To summarize, despite the absence of a brain injury, gray matter alterations in the temporal lobe and white matter reductions involving the VOTC and aTC seem to characterize the DPs’ brains (see Figure 1). Reduced r-FFA’s white and gray matter volume and short-range functional connectivity would explain DPs’ face perception deficits, whereas disrupted functional connectivity between the r-FFA and r-pSTS and r-aTC seems to explain DPs’ deficits in face learning (i.e., memory) [53,73]. This hypothesis is in line with Garrido et al. [82] that the grey matter volume in the l-pSTS, aMTG, and r-FG (reduced in DPs compared with HCs) correlates with facial identity scores.
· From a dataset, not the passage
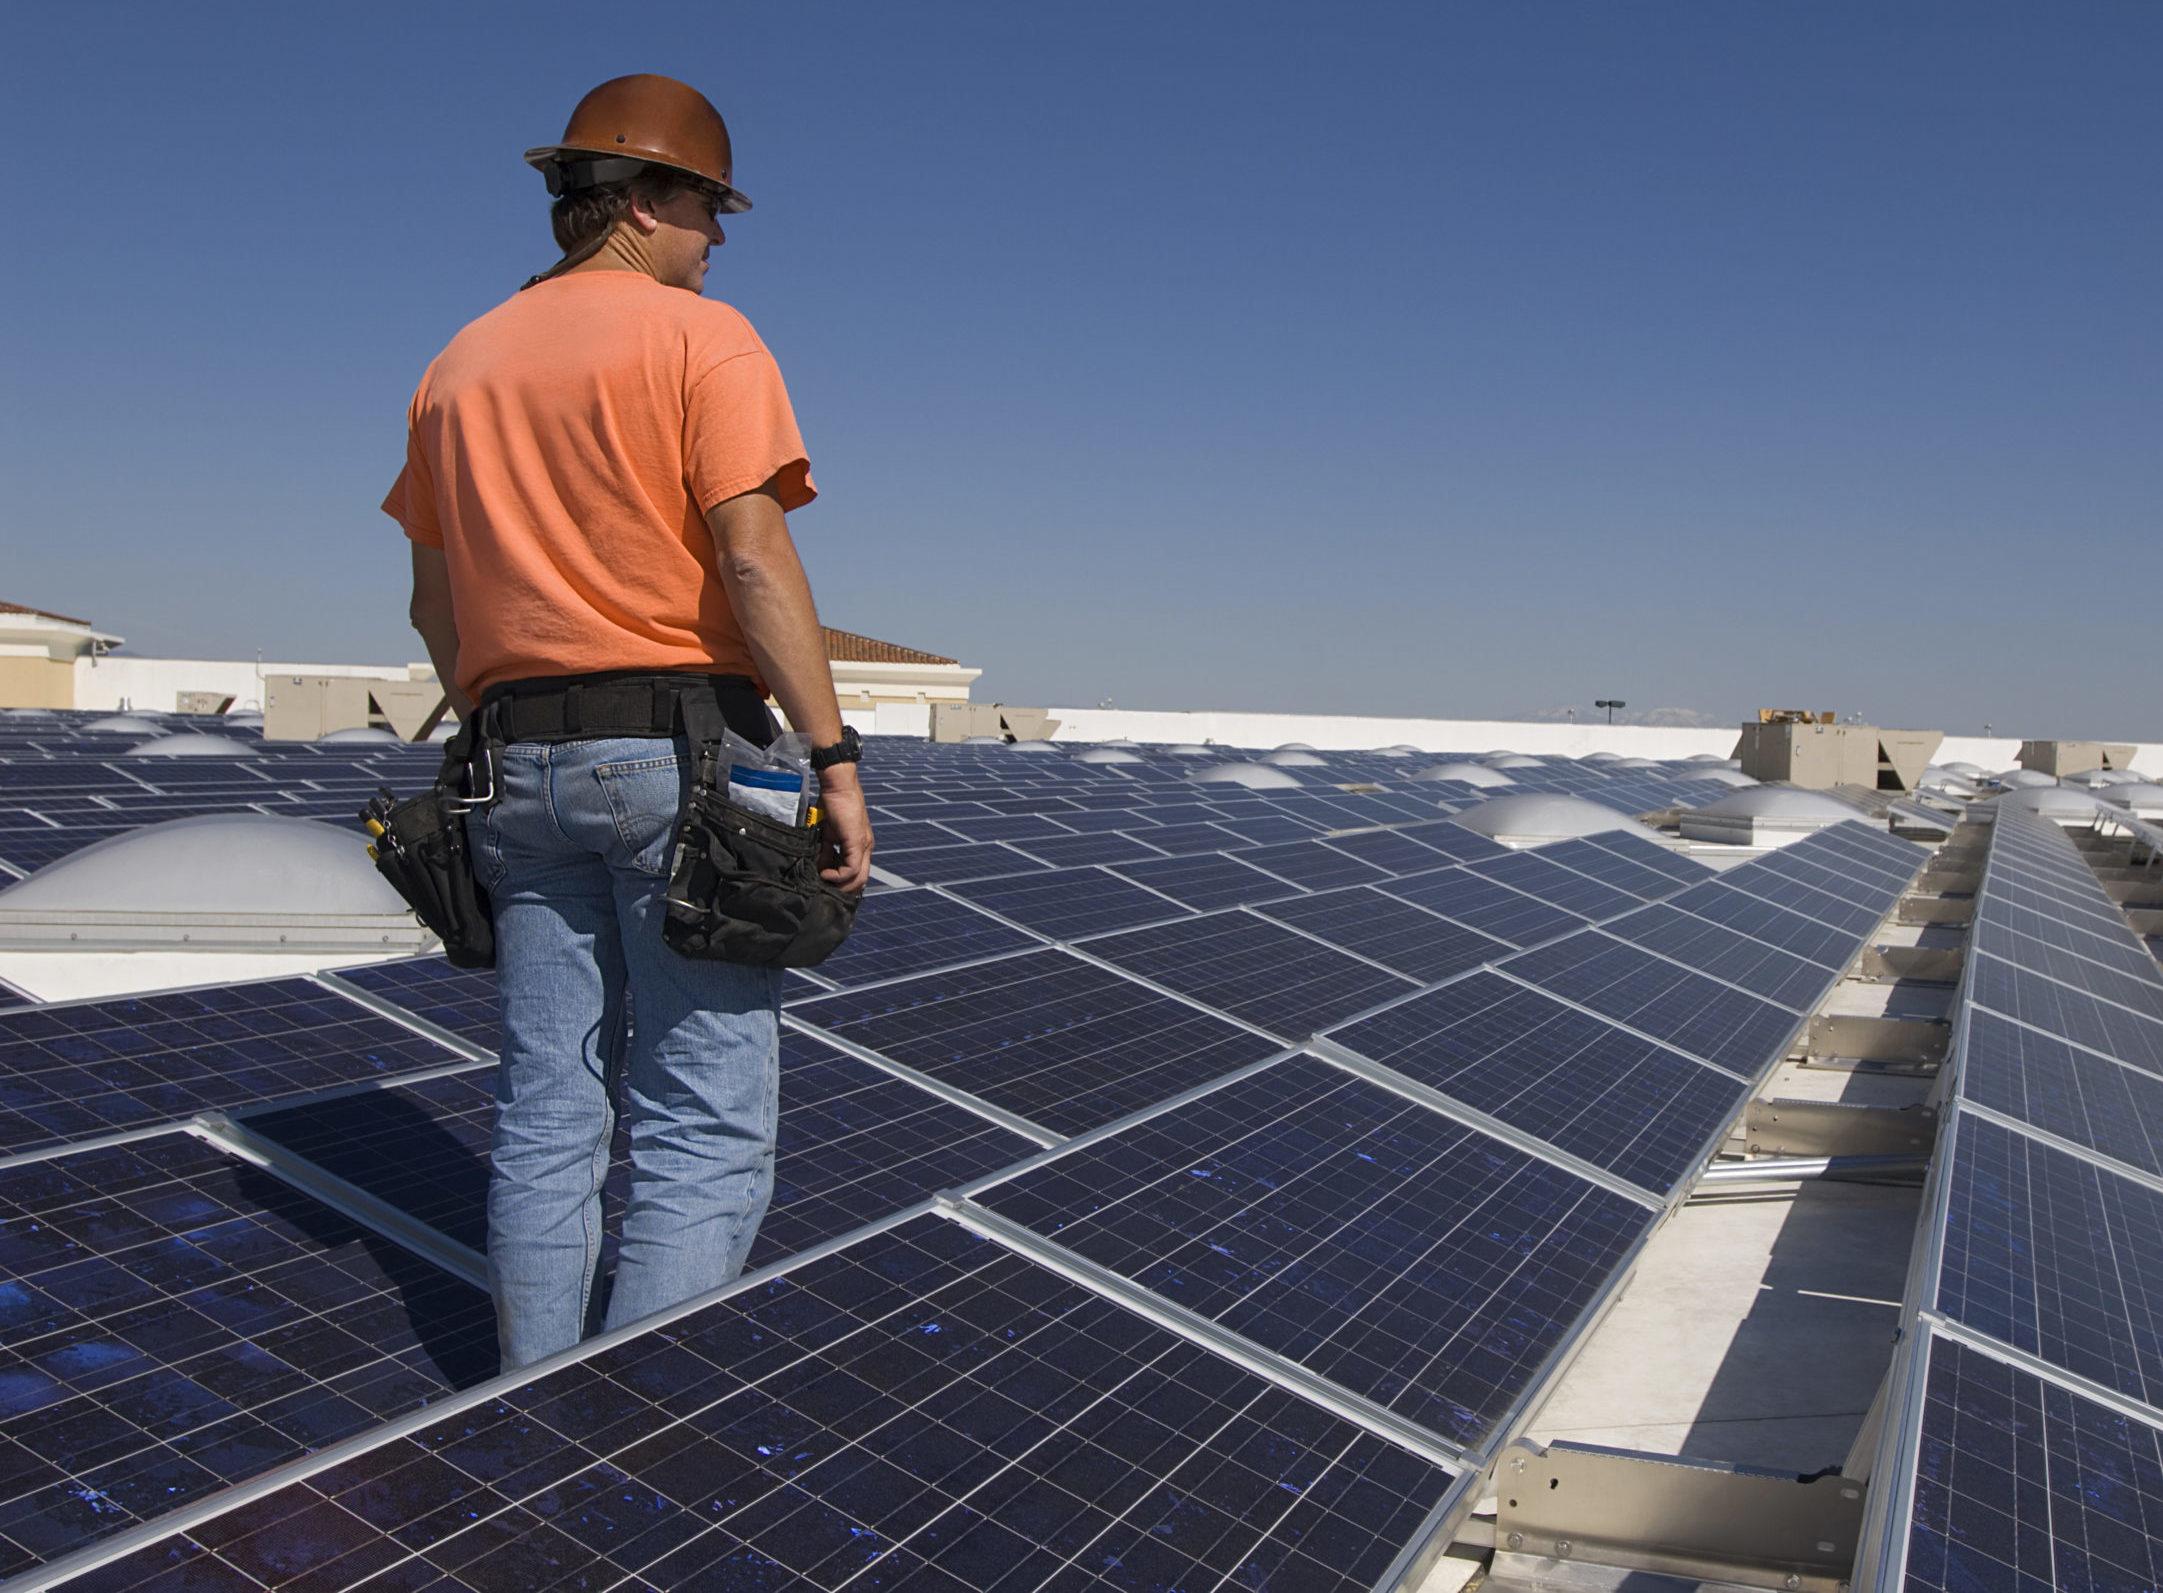 10 Top Online Schools for Solar Energy Technicians

Correlations between FFA structural deficits and behavioral measurements are observed mainly in the right hemisphere, where a dominance for face processing has been suggested by its larger size [19,108], higher probability of occurrence [109,110], and higher anatomical localization consistency of face-selective regions [111] compared to the left hemisphere.
Some results, however, do not support this conclusion. For instance, Haeger et al. and Gilaie-Dotan et al. [61,77] did not find any structural differences in DPs, while Behrmann et al. found larger MTGs in DPs [80]. Thomas et al. [52] reported a marked reduction in the structural integrity of two long white matter tracts in DPs, but subsequent studies have not confirmed or refined these results. Finally, a link between face memory impairments and decreased cortical density in the left lingual gyrus and l-DLPFC was found by Dinkelackler et al. [58]. Despite the role of these two regions in both visual cognition and memory processes, we point out that Dinkelackler’s DPs also showed mild impairments in non-face visual memory. Therefore, this finding cannot be attributed solely to deficits in facial memory but may reflect a more general visual impairment.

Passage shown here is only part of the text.